I love this idea! I am trying to come up with a crow/raven costume this year on a budget. Planning on shopping around tomorrow for feathers and if I cant find them cheaply then I will get on ebay I guess. Still trying to decide if I want to try to add a beak to a regular black masquerade mask or buy the expensive venetian masks with the long nose. I like this skirt idea though. Any other ideas?


----------



## XandonX

So I'm wondering what the best material to layer and glue feathers to that I will then glue onto my skin to create a feather body? 

It's hard to describe but basically I'm wanting to cut panels of fabric (or silicone or some other material), layer and glue feathers to them to mimic a raven or crow chest/neck/back/shoulders and then glue those panels to my skin (with spirit gum probably)....

So, what material could I use? Ideas? Thoughts? HELP!?


----------



## Minshe

You would need something pretty lightweight if you are going to try and keep it on your body with spirit gum and the panels would have to be fairly small. Maybe cheesecloth would work if you dyed it black--you are definitely going to have to do some experimenting with this one. If you used a stretchy lycra kind of fabric and sewed it in a tube--sized so it would stretch around your body and stay up (think tube top) --might be a better way to go--then you could glue feathers or sew feathers on the fabric, the feathers would have to be close enough together so when the fabric stretches they still look bird like. 

Using a leotard or nylons might work on different body parts too.

The more I think about it --you could actually "glue" the feathers directly to your body with eyelash adhesive--maybe with spirit gum also. They use eyelash adhesive to glue on all kinds of gems, sequins, feathers, to the eye area. It doesn't take much of it to hold those, but I guess it would depend on what parts of your body you are covering and how much "stress" you are going to put on the feathers--like the back of a chair rubbing across your back (if that is where you are putting the feathers) . Good luck!


----------



## XandonX

Thanks for the thoughts Minshe! Lightweight is definitely key! I like the idea of using eyelash glue...that might be a lot easier to glue the feathers to the "fabric" than using a hot glue gun. Which might also melt whatever the material is I end up using. 

My original thought was to glue the feathers to my body too but I would need someone to do that for me...and I don't know anyone with that much patience. Especially when they'll be getting their own costumes ready for that evening. I'm going to look into cheese cloth, that might be the ticket I was looking for! It's light enough and can be dyed. 

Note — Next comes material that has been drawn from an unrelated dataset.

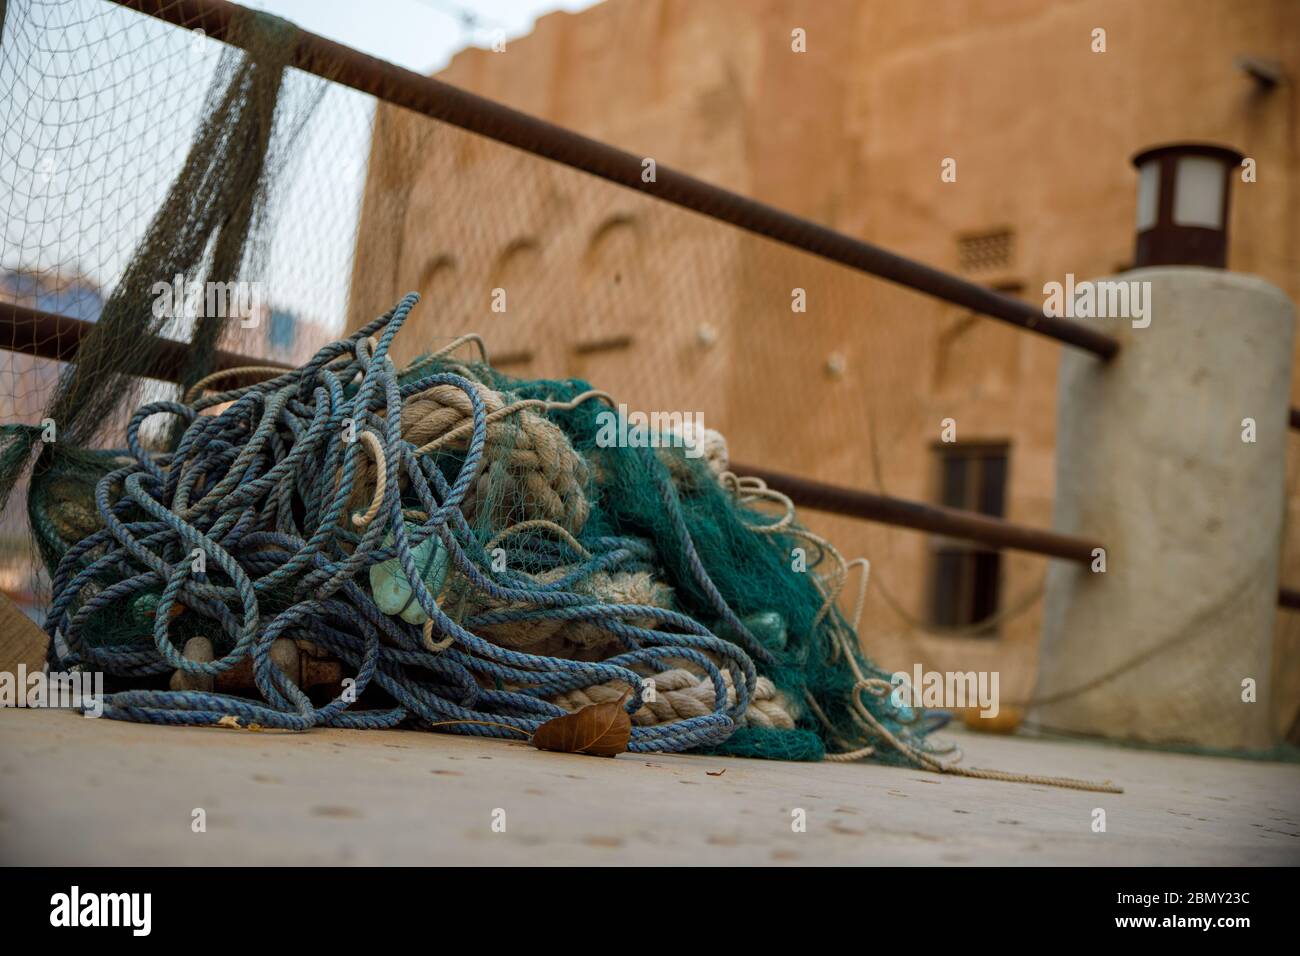 Fishing nets, buoys and floats on pavement not being used in old town Dubai Stock Photo

I received the feathers today and cut out a mock panel out of white paper for my right pectoral and then layered the feathers on the paper like how I would glue them so you can get an idea of what I'm going for.








PS You guys/this forum is awesome.


----------



## Minshe

You may have to do that panel in smaller strips--just to keep the weight down some, but that would not necessarily be a bad thing and it might actually add to the bird look if you just glue strips of feather panels at the top of each panel (and not at the bottom) to your body--then they would overlap and move--just like a real bird. Hope that makes sense--it is kind of hard to explain just using words... It may be light enough to do all of it in a single panel, but again you are going to have to just try it out ahead of time and wear it around for a bit and see if it holds up. Sometimes once you start working on something like that a whole new idea emerges on how it can be done. Please make sure you post pictures of your finished project.


----------



## Hacksaw The Clown

zagone makes a few fantastic full head masks of birds,check them out if your still looking


----------



## Minshe

I am not sure what else you need, but I was in Party City yesterday and they had quite a few raven accessories and several masks--so you might want to check them out if you have one nearby I have the raven feather boa from last year and I bought the matching arm circle things (for your shoulders. I really like the feathers on these pieces because they have that green sheen to them and are not just flat black I use the boa year-round for decoration and I will probably do that with the arm circles as well. 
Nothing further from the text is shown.